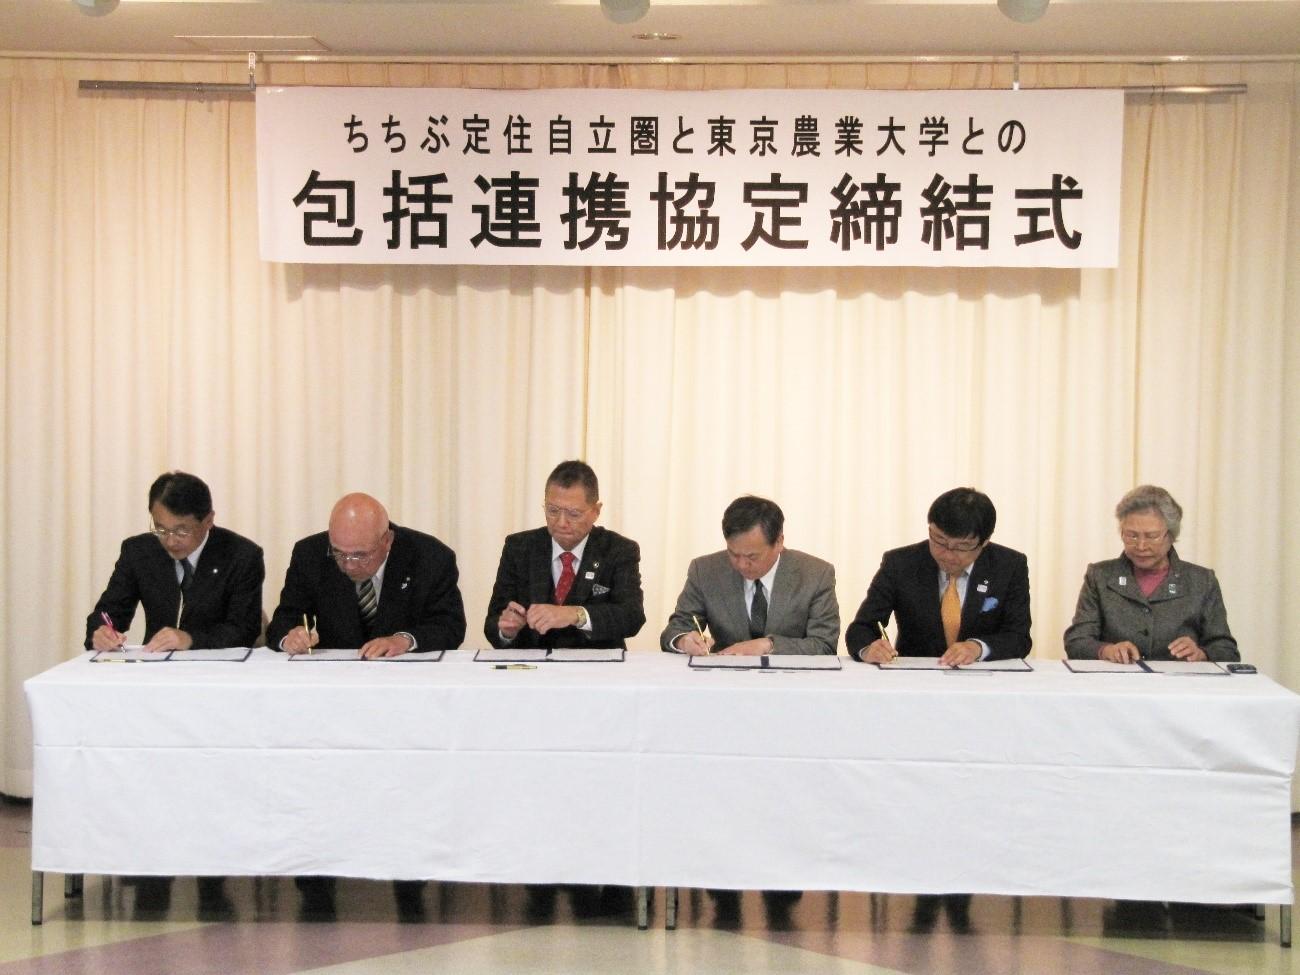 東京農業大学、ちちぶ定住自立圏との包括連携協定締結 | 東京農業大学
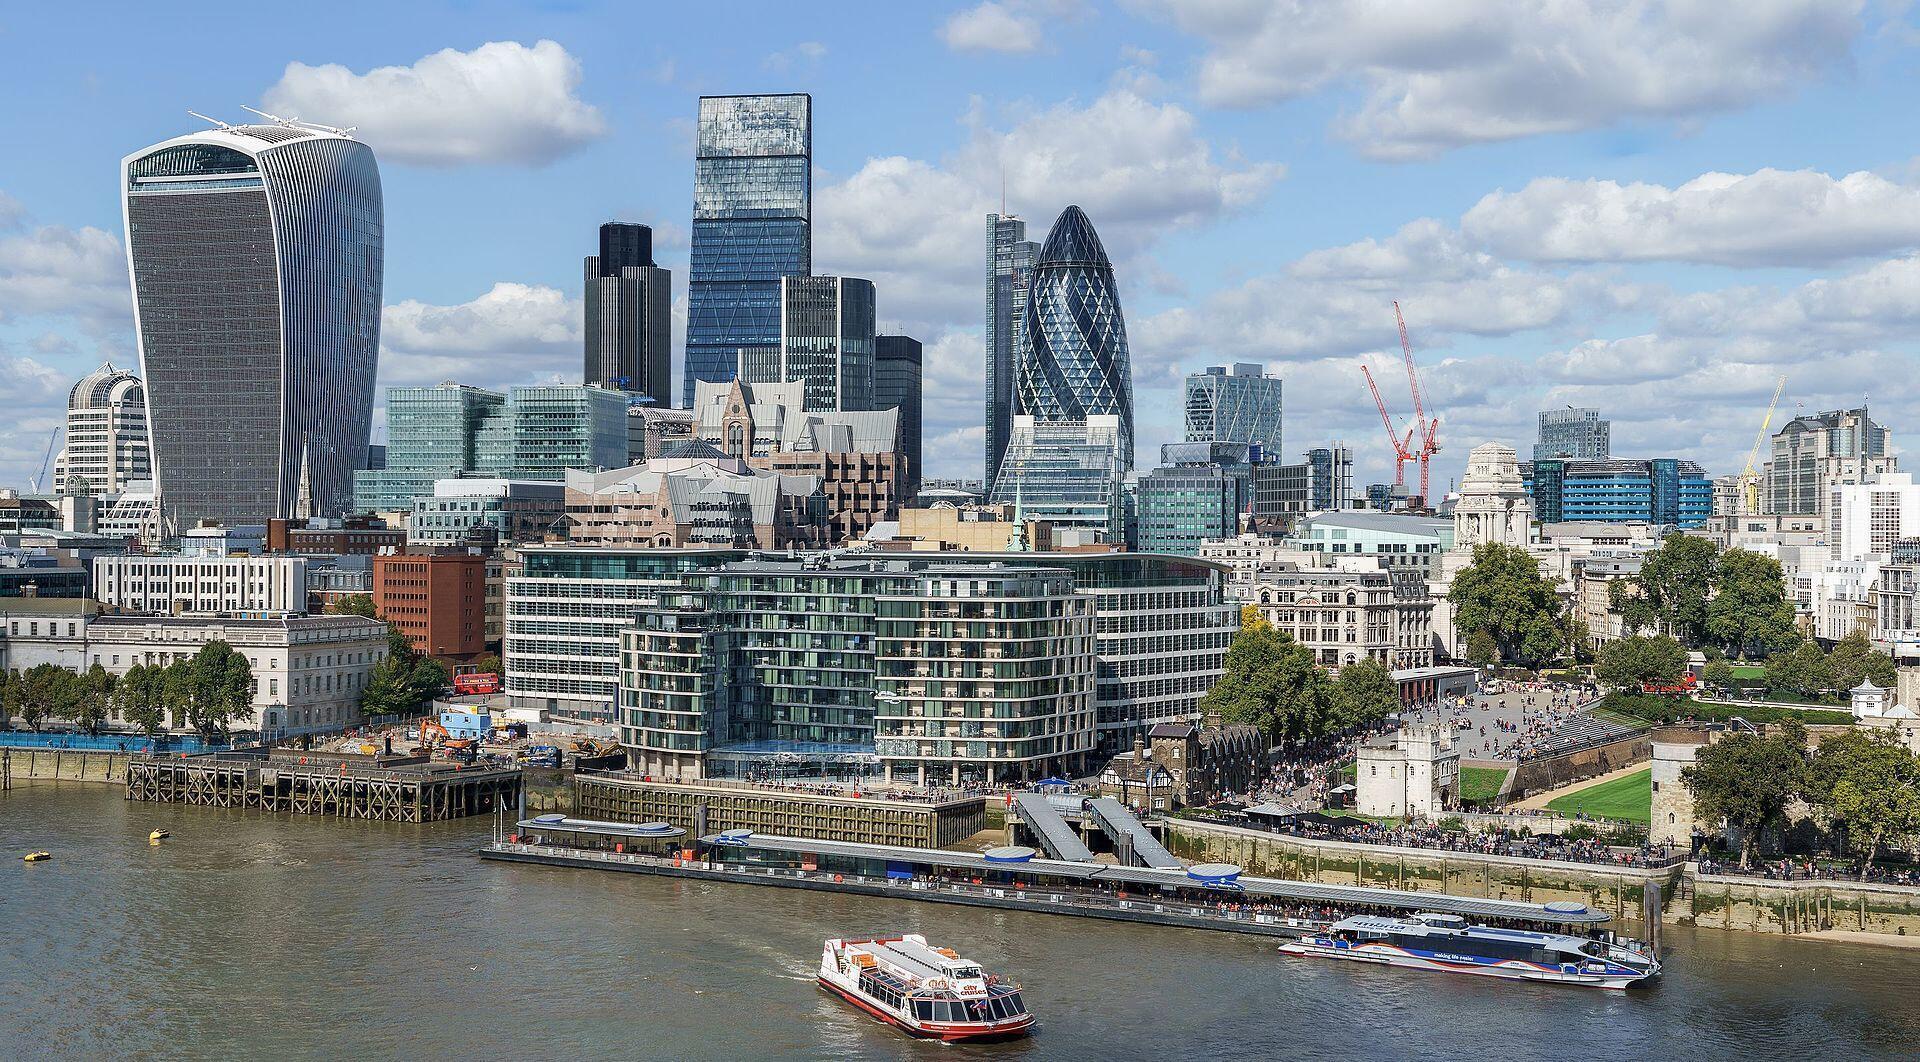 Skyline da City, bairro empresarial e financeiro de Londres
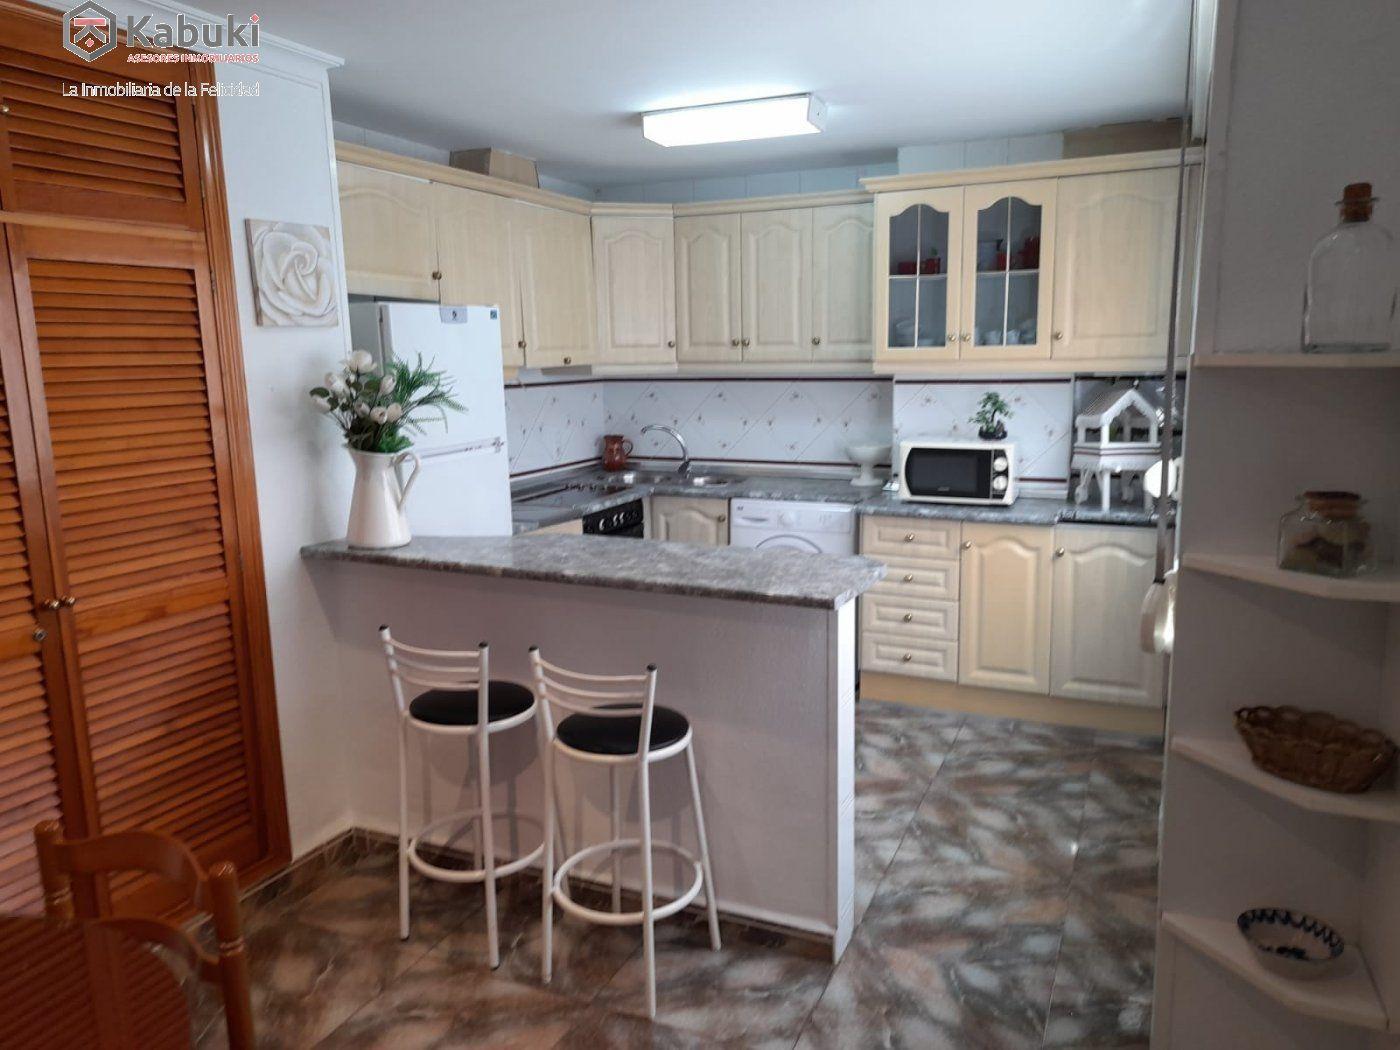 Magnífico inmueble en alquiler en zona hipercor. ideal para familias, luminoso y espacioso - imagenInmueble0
------------------------------------------------
# EXERCISE GOAL:
The full material above must be output verbatim, minus any pictures.

# TASK RESULT:
 東京農業大学、ちちぶ定住自立圏との包括連携協定締結 | 東京農業大学
 Skyline da City, bairro empresarial e financeiro de Londres
 Magnífico inmueble en alquiler en zona hipercor. ideal para familias, luminoso y espacioso - imagenInmueble0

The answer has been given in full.